Transcribe the listing that follows in full, exactly, and drop its images.

• Data shown:
▬▬▬

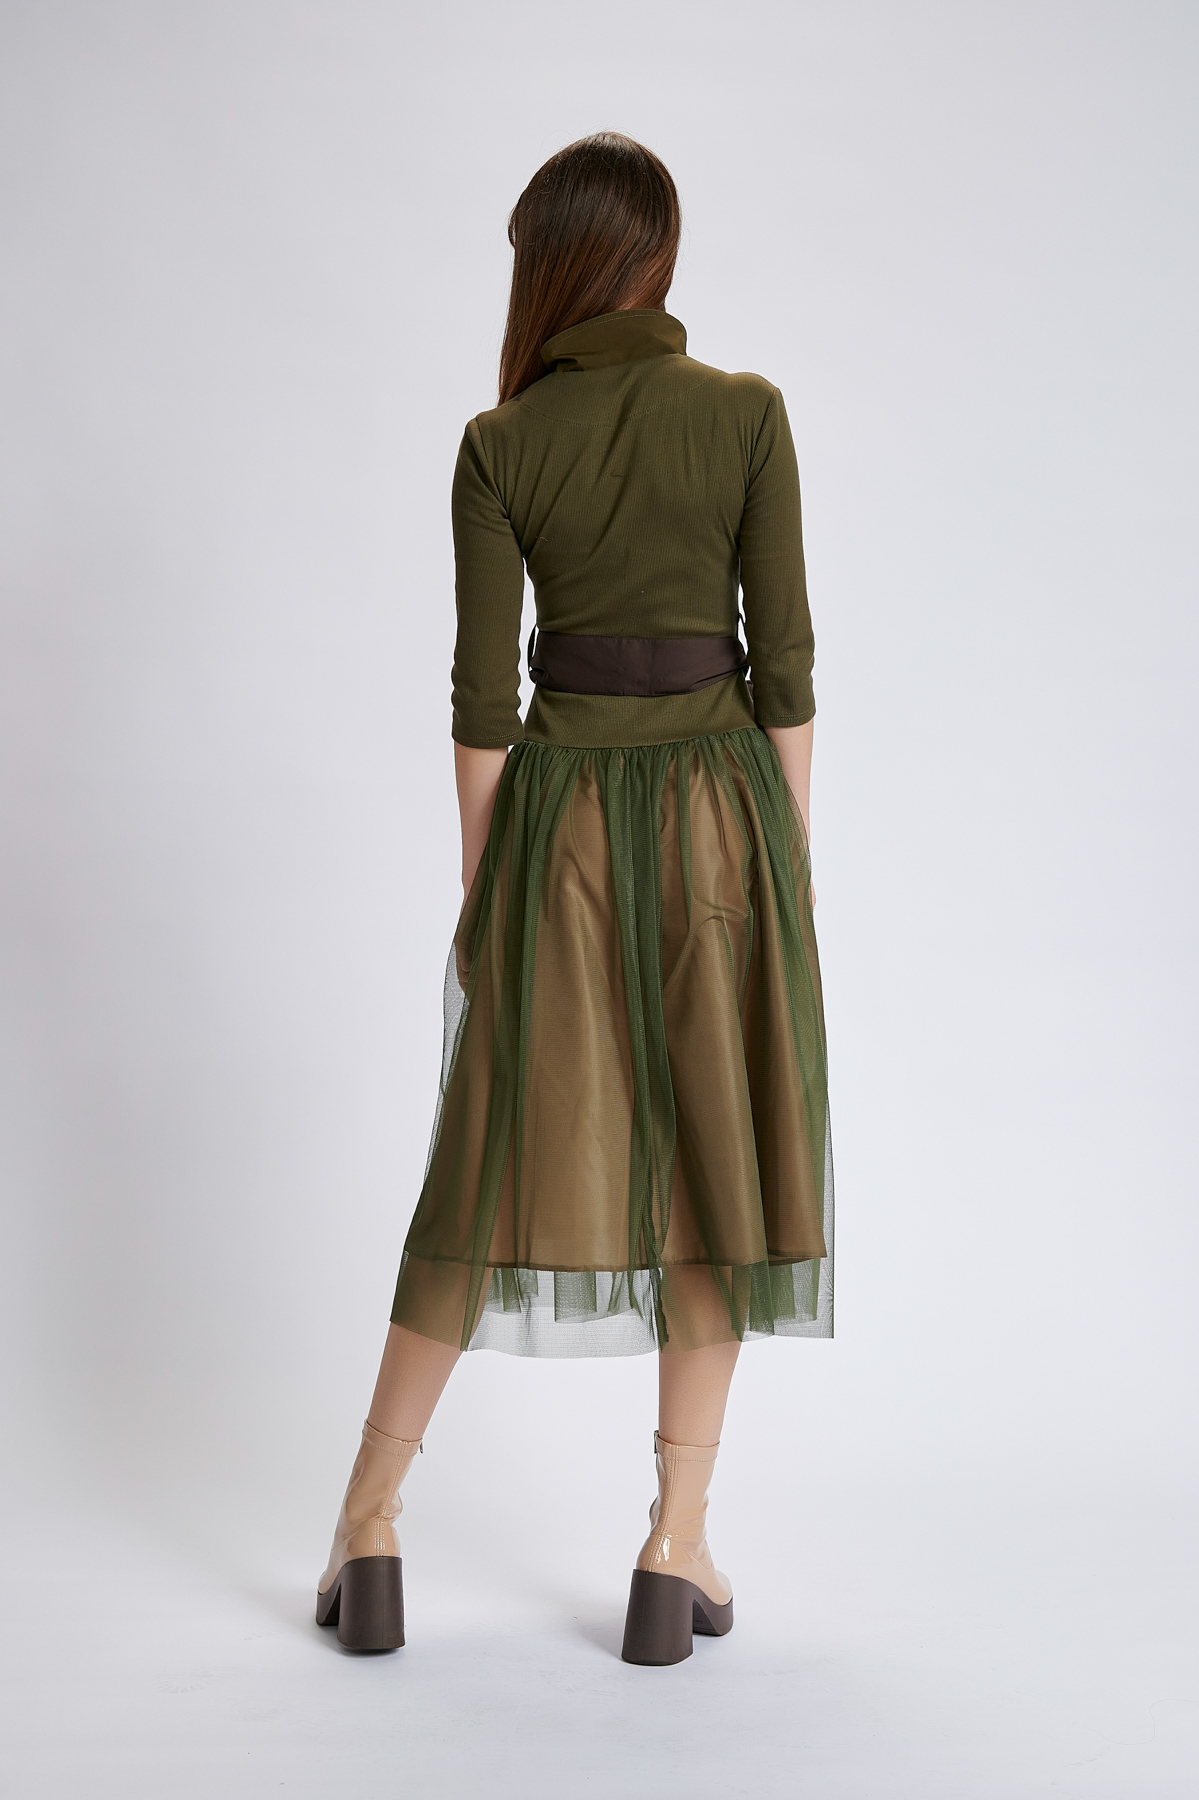 Dress MIRANDA 22 K. Natural fabrics, original design, handmade embroidery
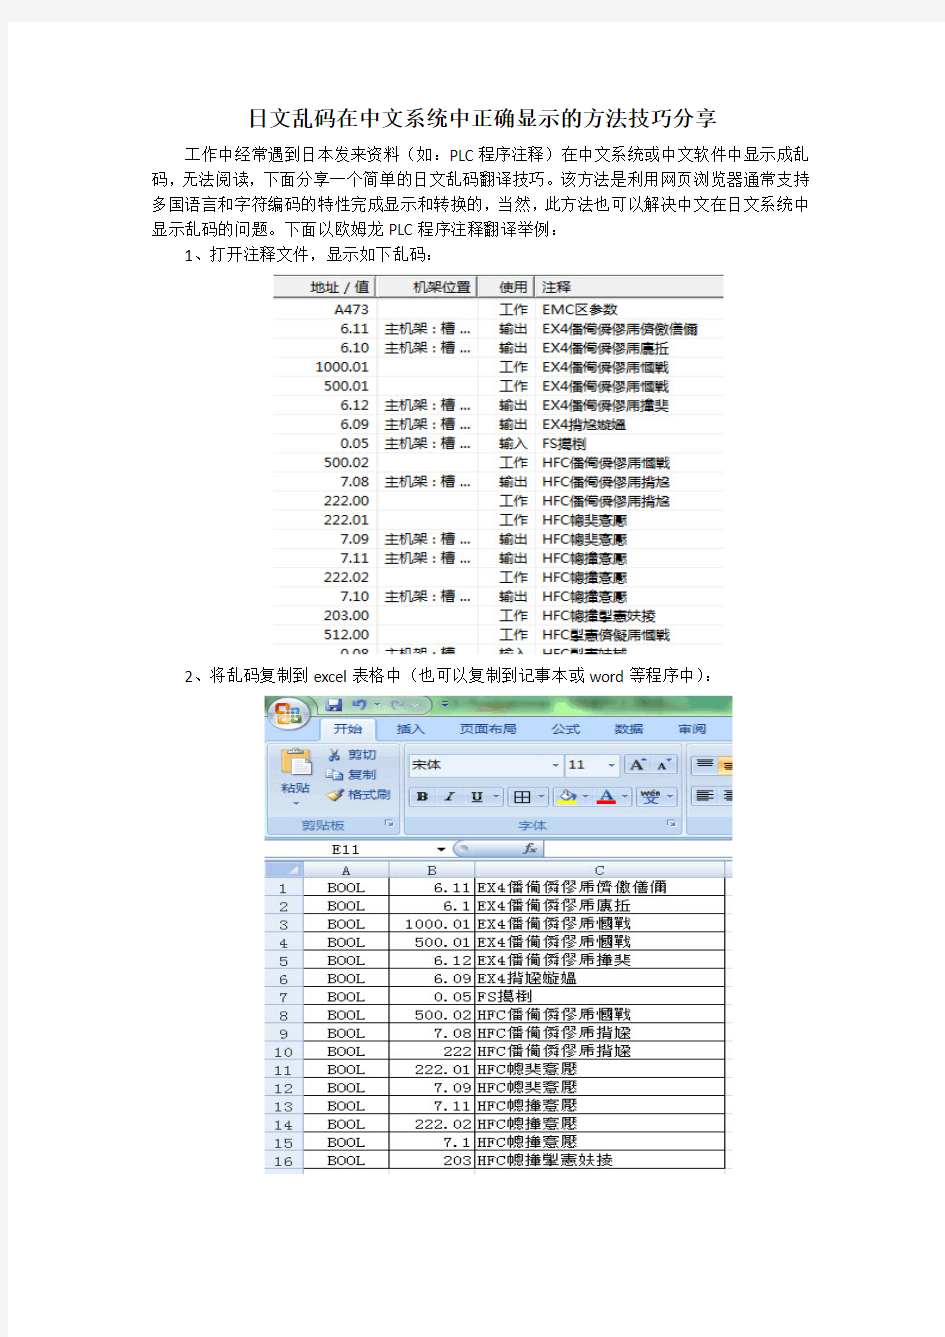 PLC程序日文注释乱码怎么显示中文
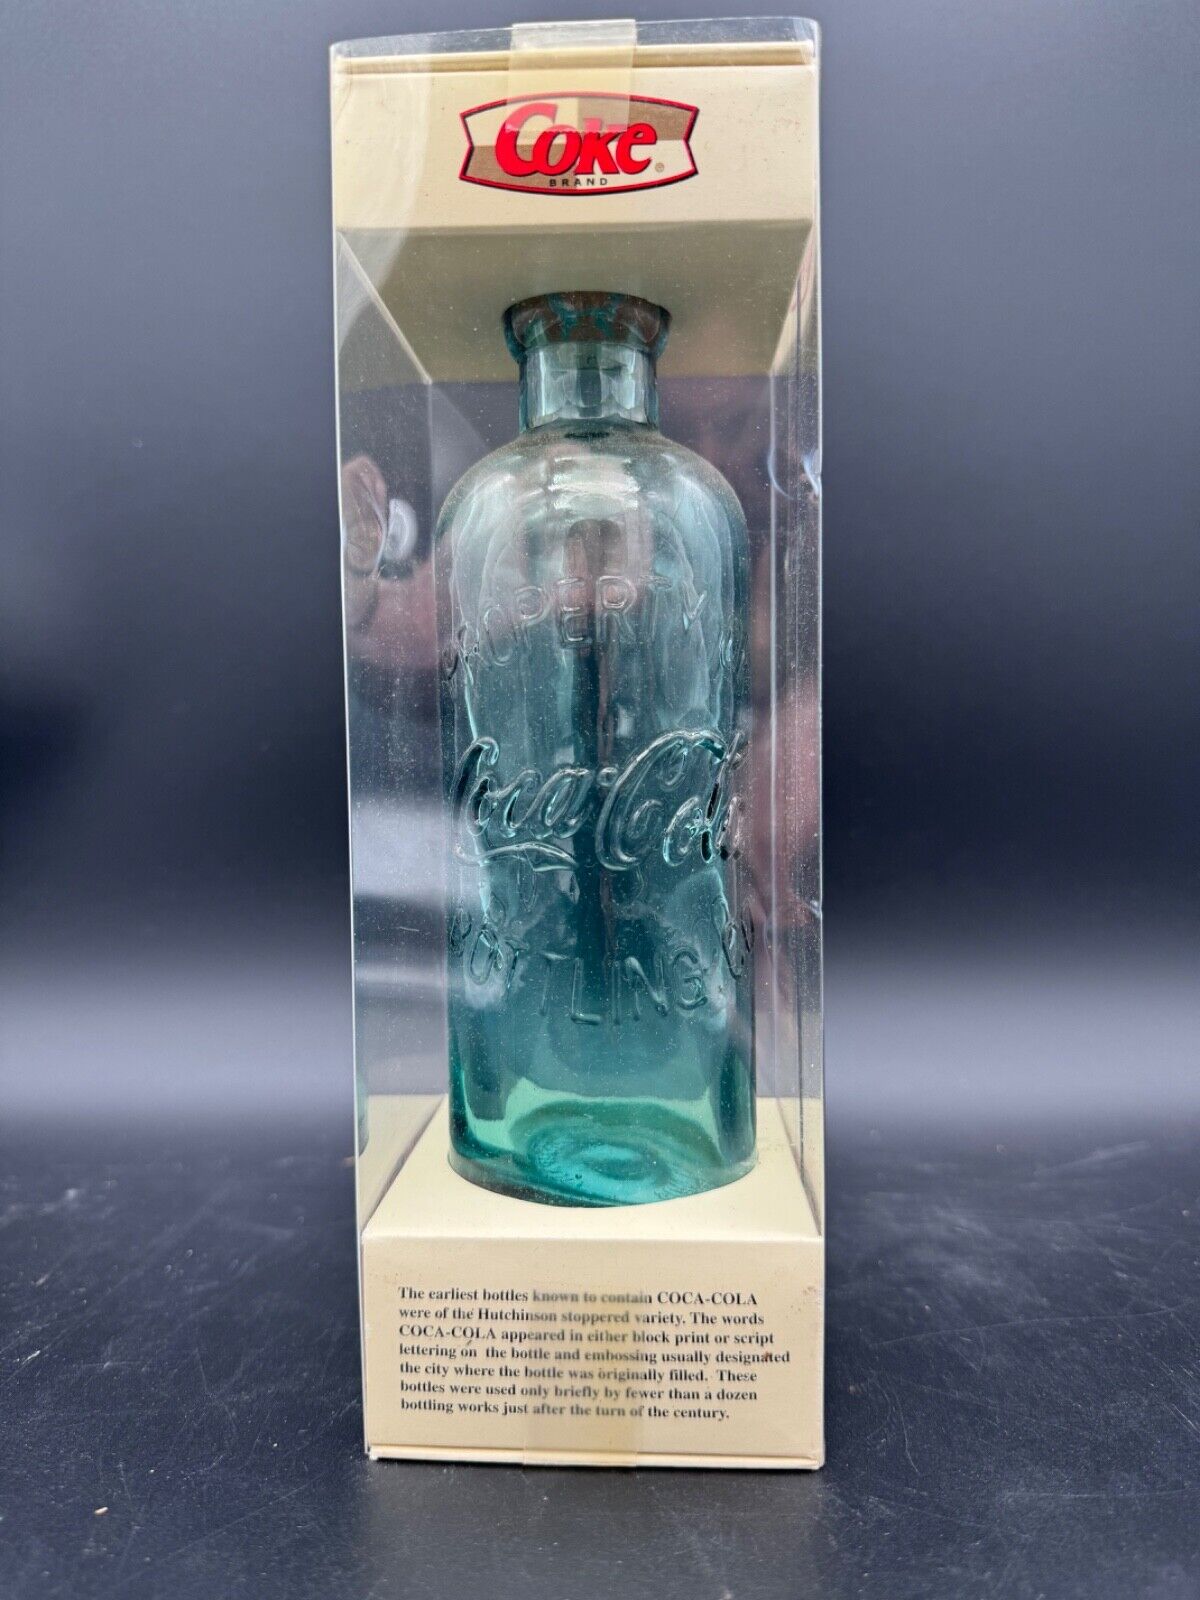 Coca Cola Coke Bottle Reproduced Replica Commemorative Bottle 1899 - Collectible

▬▬▬

• Worked solution:
 Dress MIRANDA 22 K. Natural fabrics, original design, handmade embroidery
 PLC程序日文注释乱码怎么显示中文
 Coca Cola Coke Bottle Reproduced Replica Commemorative Bottle 1899 - Collectible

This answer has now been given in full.